Skirt steaks and flank steaks
Andy wrote:
> Jean B. said...
>
>> Andy wrote:
>>> Jean B. said...
>>>
>>>> sf wrote:
>>>>> On Wed, 20 May 2009 18:54:24 -0700, "Bob Terwilliger"
>>>>> > wrote:
>>>>>
>>>>>> sf wrote:
>>>>>>
>>>>>>> I read somewhere that real london broil is a piece of sirloin (or
>>>>>>> whatever they said) cooked between two pieces of cheaper meat.
>>>>>> I think you're confusing London broil with chateaubriand.
>>>>>>
>>>>> Ah, yes! The memory chips are firing now.... you are absolutely
>>>>> correct sir. However, I *have* actually eaten a cut of meat called
>>>>> London Broil (in my yoot) and it wasn't flank steak - my mother would
>>>>> not have stooped that low. She hated anything that shrieked
>>>>> depression era. Can't say I've seen the term attached to a piece of
>>>>> meat in decades though. I think it might have something to do with
>>>>> truth in labeling here in California.
>>>>>
>>>>>
>>>> Same here re the historical London broil in Massachusetts.

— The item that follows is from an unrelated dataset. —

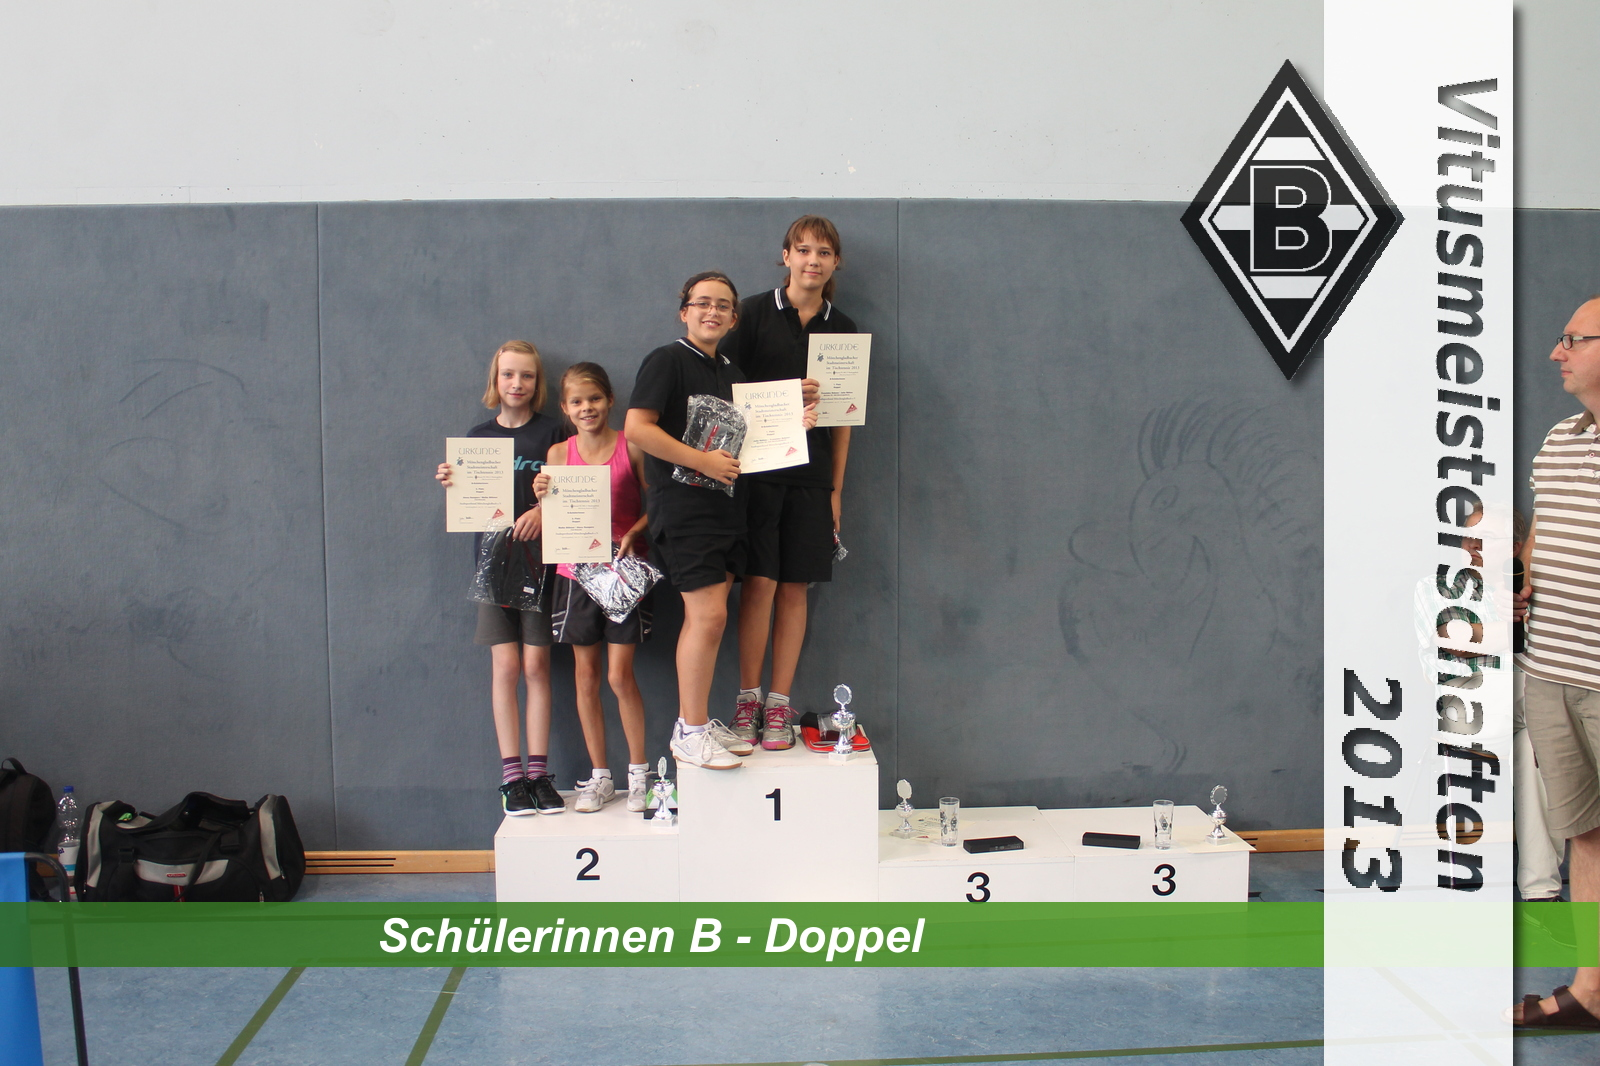 B-Schuelerinnen-Doppel

>>> I think the ACME labels top round as "London broil." Meanwhile my old
>>> cookbook recipe calls for flank steak. Chateaubriand is top of the line
>>> and very hard to find and have only seen it at Omaha steaks.
>>>
>>> The flank steak recipe calls for French dressing as the marinade (home
>>> made, not the orange kind). I once used the bottled French dressing and
>>> darn near burned down the house. It's highly flammable stuff!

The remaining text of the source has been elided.